Lots of people stayed up overnight to hack mobile applications and there were some very cool results.
I tried out building a mobile widget using the Nokia Web Runtime. This is an application environment on recent Nokia Series 60 devices that uses the WebKit browser with various extensions. You write widgets for it using JavaScript, XHTML and CSS (just like any other widget, but, as always, slightly different to the other formats). In fact, I started off building the widget using Apple’s DashCode — a web application builder for the iPhone. This comes with an interface builder that allows you to drag and drop controls onto the screen and wire them together.
Getting the control logic to work took a bit of getting used to — as with all interface frameworks, there’s a learning curve where you build up understanding of how the pieces are supposed to fit together. In the DashCode case, this isn’t helped by the lack of any documentation for the interface controls.

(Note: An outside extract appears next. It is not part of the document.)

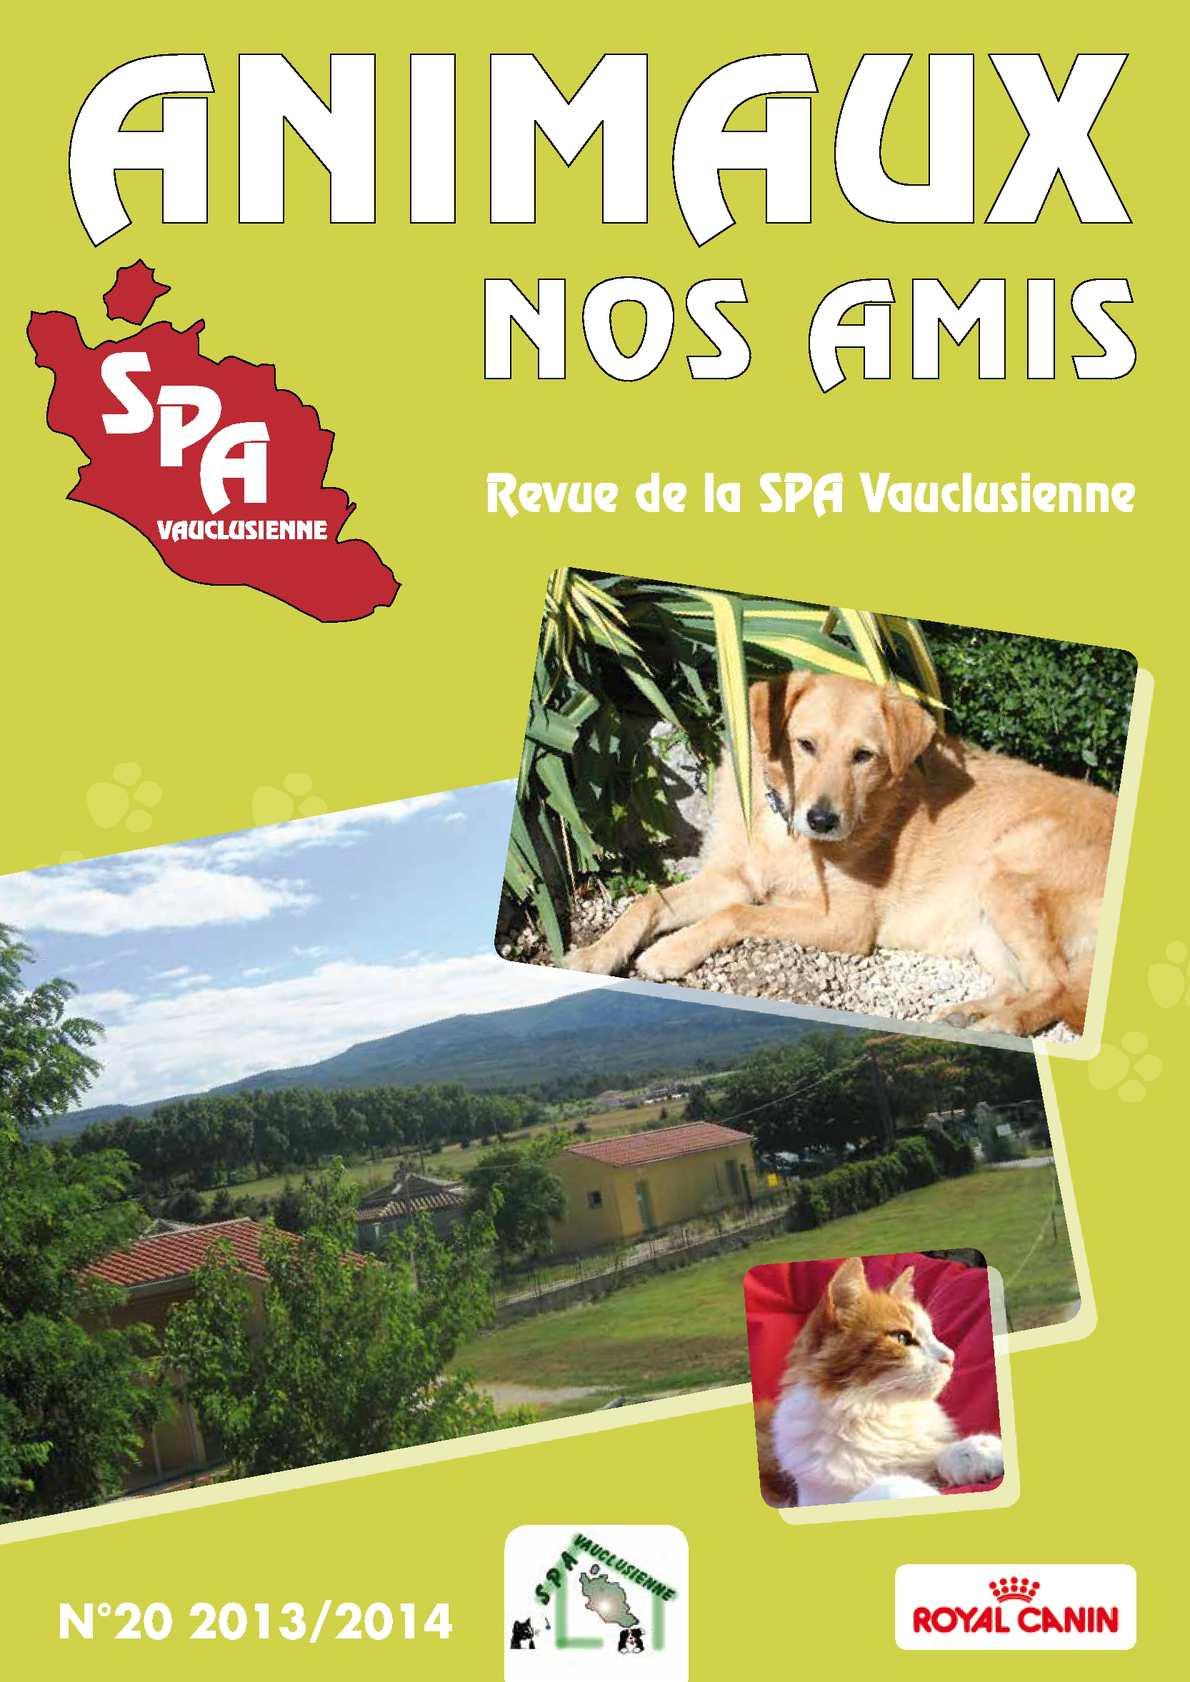 Calam o magazine animaux nos amis n 20 spa vauclusienne - Salon animaux avignon ...

However, the development environment more than made up for this — there’s a very capable Javascript debugger, complete with an interactive console, and it’s very easy to start and stop your widget in the iPhone emulator.
I used prototype to power up the Javascript side — making the Ajax calls to our server much easier and enabling some mucking around with the results to provide some pretty formatting.
Once I’d got the basic application working in DashCode, I took it across to the Nokia Web Runtime environment. This provided some extra features such as storing preferences between invocations so that the widget could start up straight into showing you the departures that you’d chosen previously.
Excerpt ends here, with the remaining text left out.